For this one, It really amuses me on how they think they would accomplish keeping someone's phone to alarm at the equivalent of 7am when they fly across a nation.

Granted, I still hold the silly view that we should probably change daylight savings time to be a 10 minute change of the clock every month. Up for six months, down for 6 months. Would effectively be trying to tie it to actual solar time, which is what we seem to care about. And would be trivial with modern devices. (Though, no, I don't hold that this will happen.)



Well i mean, why stop there. We could alter the time of every clock every day by milliseconds or seconds, to keep perfect track of the solar timing. Better yet we could just trash the clock all together and decide to care about the things that got done rather than the exact time spent on it. This is probably not sarcasm


If we could easily change the duration of a second, I'd see little argument for why we wouldn't do that. Some of these solutions are easier than others.

Amusingly, these difficulties aren't static, either. Easy to argue that before rail and modern time pieces, what you are talking about is exactly what happened when people were using solar clocks.


Your idea is a lot better than my plan. When I am king of the world, no business or transactions will be allowed to occur on Feb 29th. Instead, every 4th year there would be a nothing day, where nothing happens. So no systems would ever have to deal with leap days or 366 day years.
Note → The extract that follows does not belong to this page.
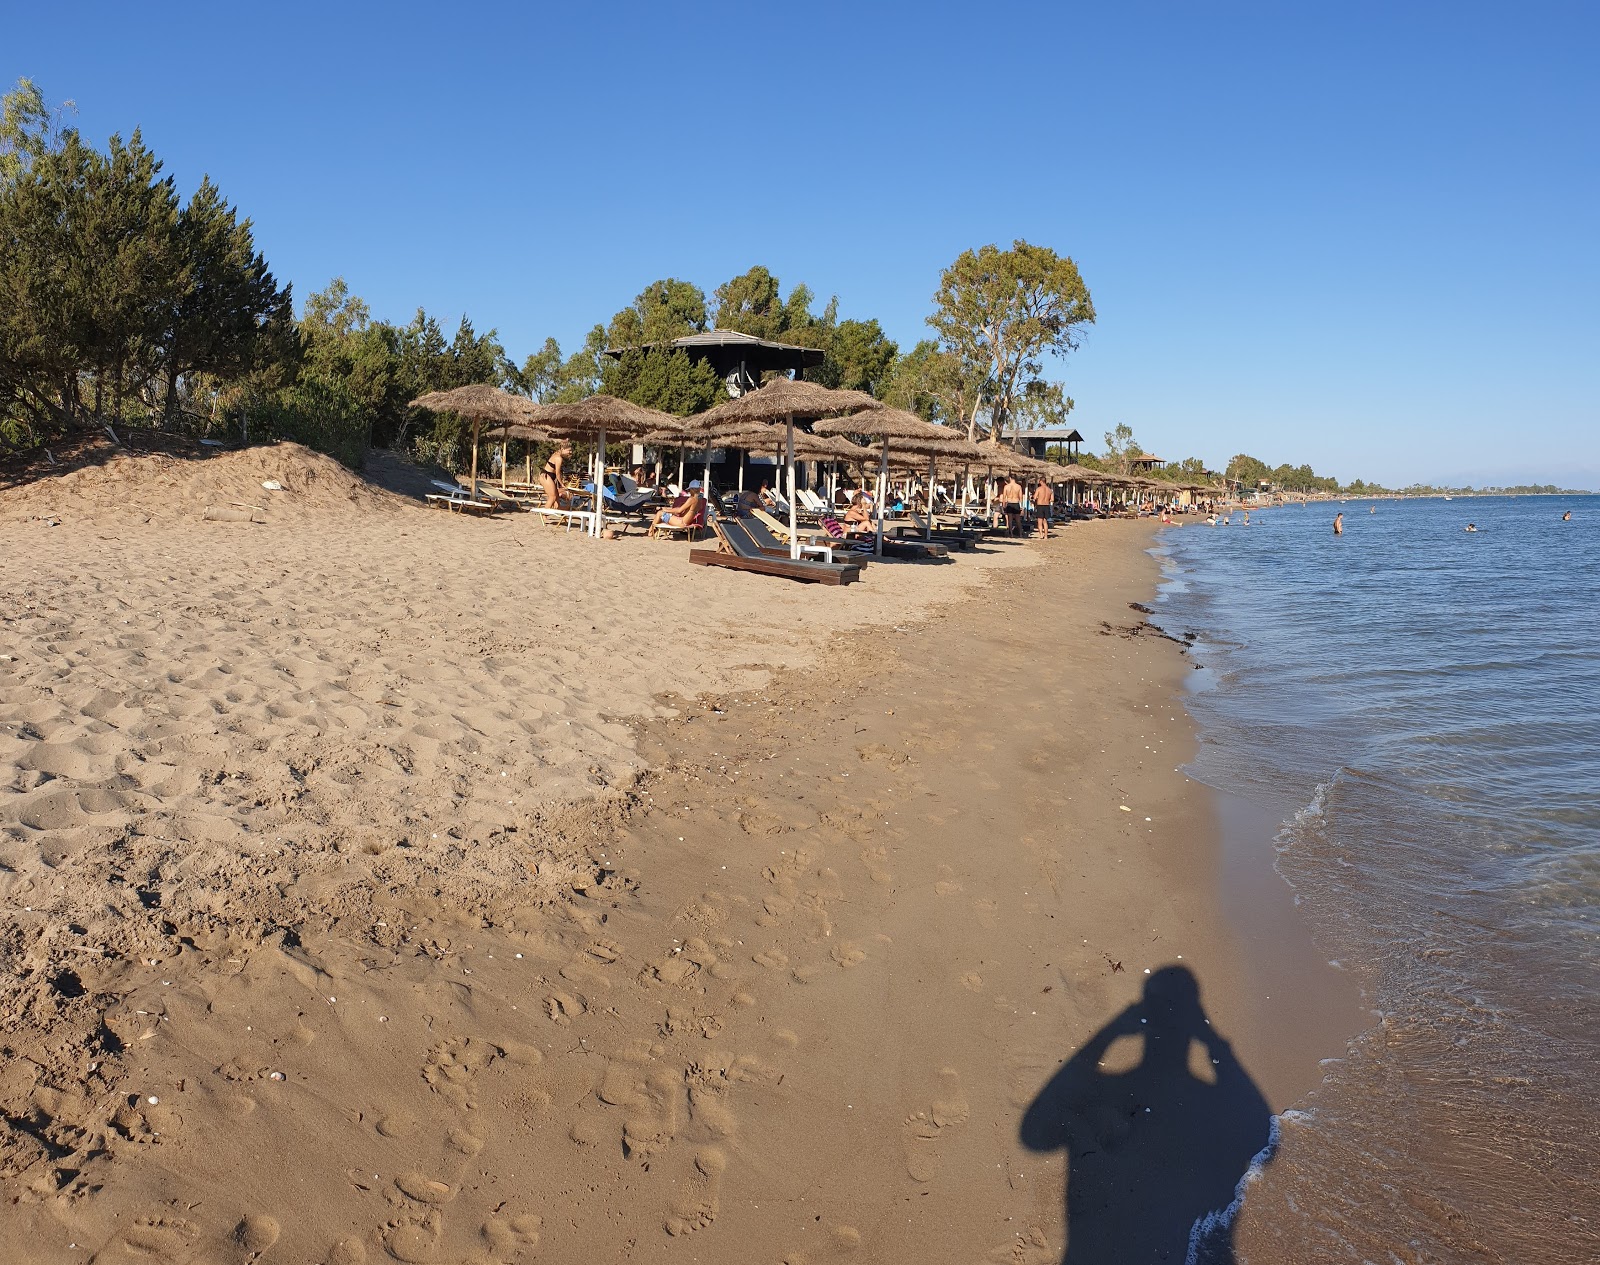 Photo de Louros beach - endroit populaire parmi les connaisseurs de la détente
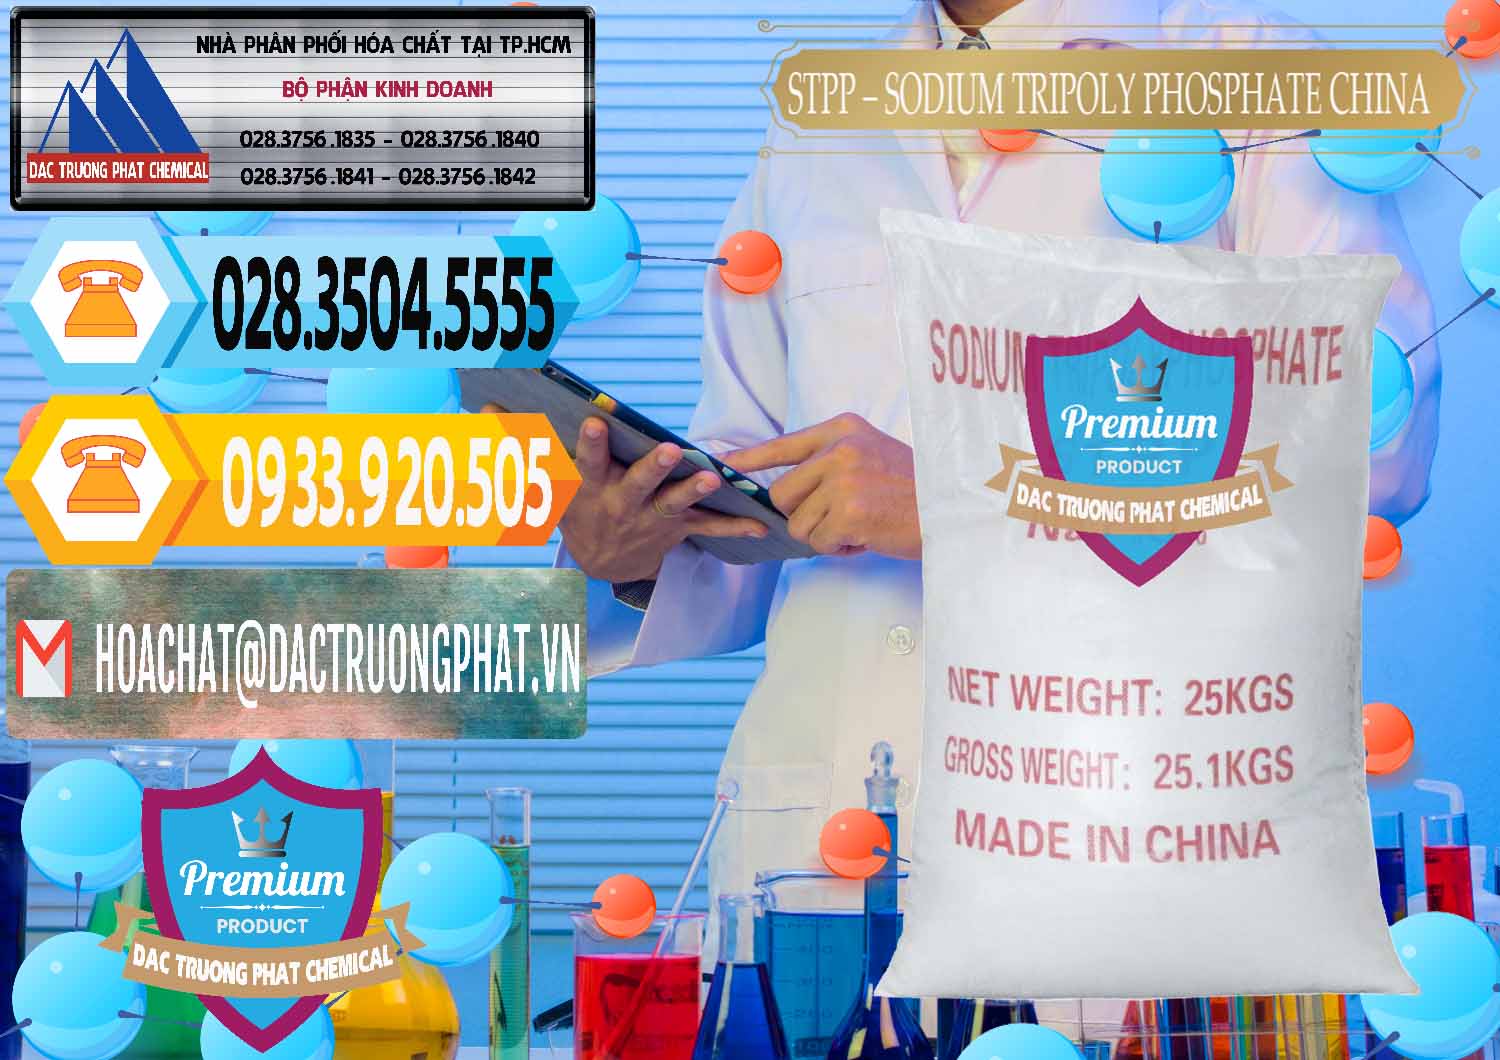 Nơi bán ( cung ứng ) Sodium Tripoly Phosphate - STPP 96% Chữ Đỏ Trung Quốc China - 0155 - Công ty cung ứng & phân phối hóa chất tại TP.HCM - hoachattayrua.net

My bank opens at 9am. My pharmacy opens at 8am. The corner cafe opens at 7:30 but is completely closed on Wednesdays. This "complexity," if you want to call it that, requires very little cognitive load, and certainly doesn't require any standardized features to be added to every operating system and programming language standard library.


The complexity I was referencing was having all businesses change by exactly the same amount on a given day. Which happens relatively flawlessly twice a year in much of the world. Just having them be different times for different companies is a completely separate thing.


Yes, but that's still all the same ballpark. It's useful to know that 9am is in the morning for almost everyone. Yes, there are exceptions but they are still just that - exceptions. I'm not sure how useful it would be to add even more chaos.

And again, it's a weird inversion in the role of a machine. Machines should make life easier for us, not the opposite.


With the "system" proposed in the comment I replied to, at which time will those businesses open in New York? London? Delhi? Tokyo? And why at those times?

What about, say, Amsterdam and Stockholm?